Здесь требуется объяснение о негласном табеле о рангах, установившемся в писательском мире. Конечно, существовал официальный табель, который начинался, разумеется, с М.Шолохова, потом шел секретариат Союза писателей СССР, потом главные редактора журналов (по меткому выражению жены Вадима Кожевникова, советского классика и редактора “Знамени”: “Писатель без должности — это не писатель”), далее герои Соцтруда и под конец, для проформы, несколько действительно хороших литераторов из старшего поколения. Для нас, пришедших в литературу совсем недавно, это был глупый официоз, и говорить о нем всерьез, а тем более стремиться туда попасть нам было бы стыдно. Нас, которых впоследствии назвали шестидесятниками, поначалу было немного, и мы в свой круг принимали далеко не каждого. Рождественский, Евтушенко, Казаков, Ахмадулина, Толя Кузнецов – мы знали друг друга еще по Литинституту, прошли суровую школу семинаров, где разве что не было мордобоя, поэтому никакие критические разносы в советской прессе нас уже не пугали. Более того, статья в газете, где тебя обвиняли в идеологических ошибках, как бы подымала нас на ступеньку выше или, скажем по-другому, вешала на грудь орденскую ленточку. В этот круг стремительно вознесся, созвучно со своей фамилией, Андрей Вознесенский, а потом и Булат Окуджава. Жора Владимов и Володя Войнович были зачислены в “свои” с первых же публикаций в “Новом мире”. А вот Юлик Семенов, который был тоже весьма популярен, публиковал книгу за книгой, с которым все пили водку и как бы дружили, так никогда в наш круг и не вошел.
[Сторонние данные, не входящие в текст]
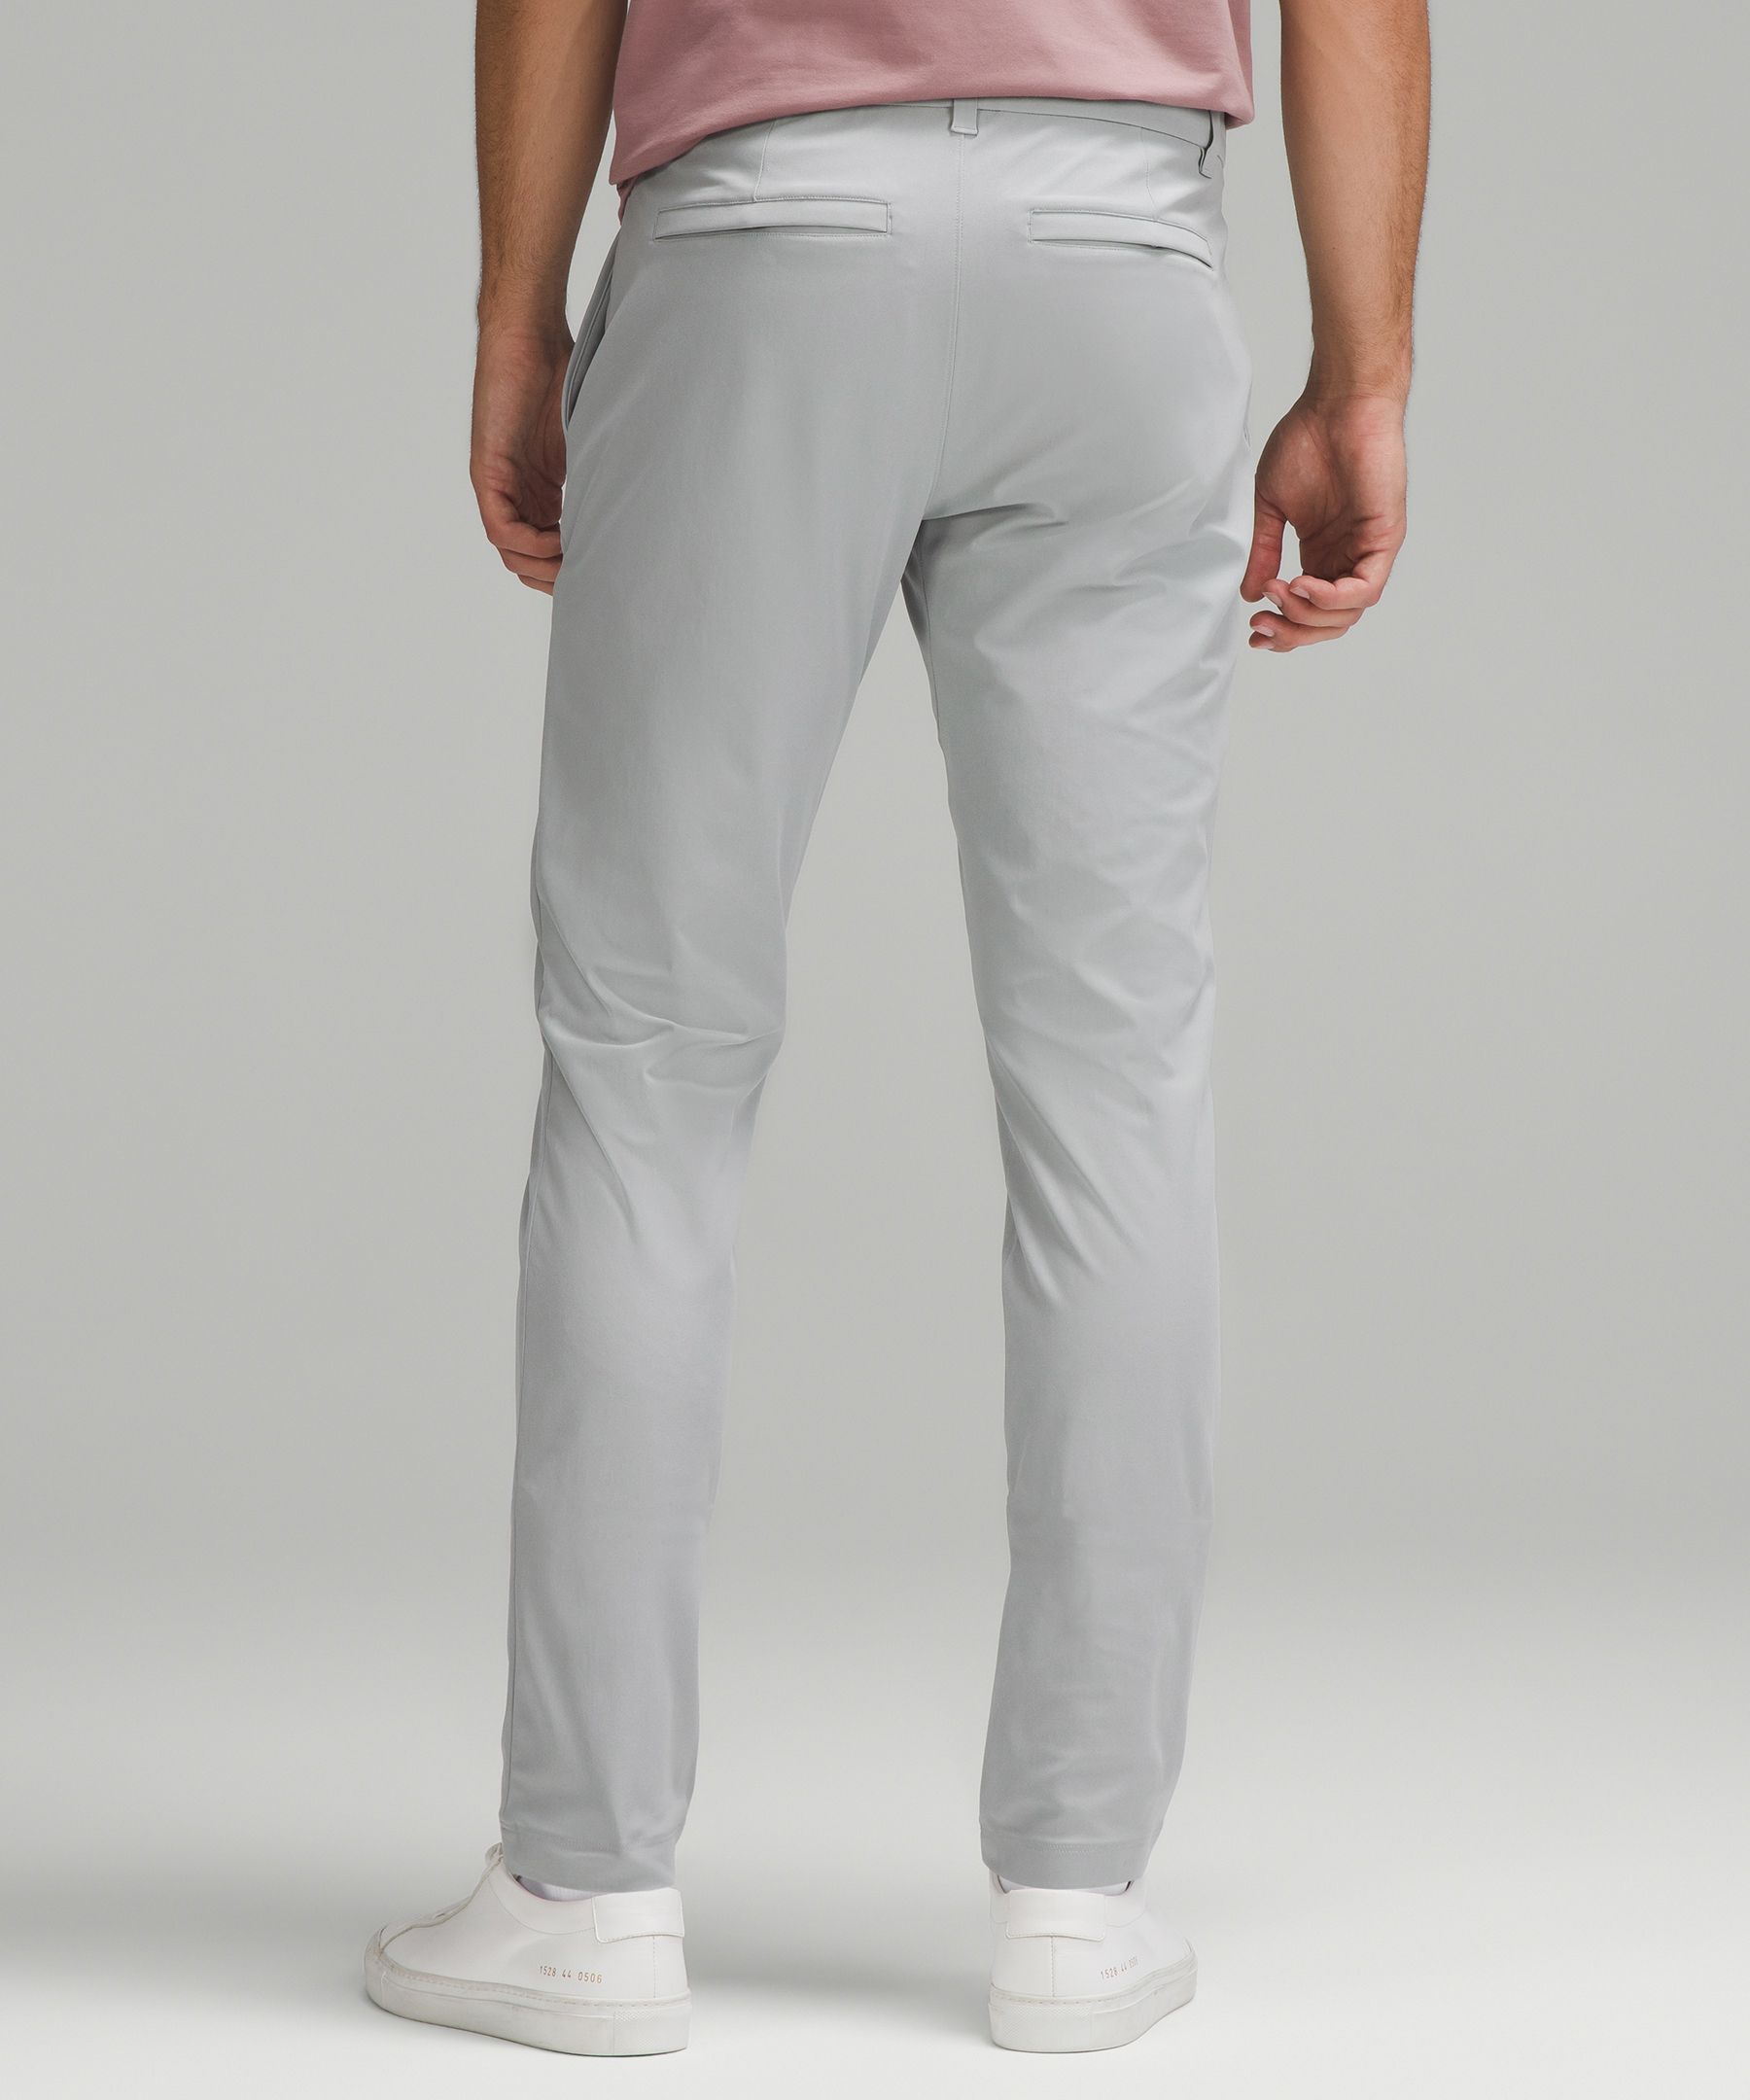 Lululemon Commission Slim-fit Pants 30 Warpstreme - Asphalt Grey

Конечно, у нас тоже были свои разборки (помнится, Евтушенко и Вознесенский постоянно втихаря выясняли между собой отношения: кто про кого что и когда сказал). Однако главенствовал дух товарищества и друг другу мы не скупились говорить хорошие слова: “Старичок, ты написал прекрасный рассказ”, “Старик, твои последние стихи гениальны” и т.д. Наверно, это не всегда соответствовало истине, но говорилось искренне. Мы действительно гордились друг другом.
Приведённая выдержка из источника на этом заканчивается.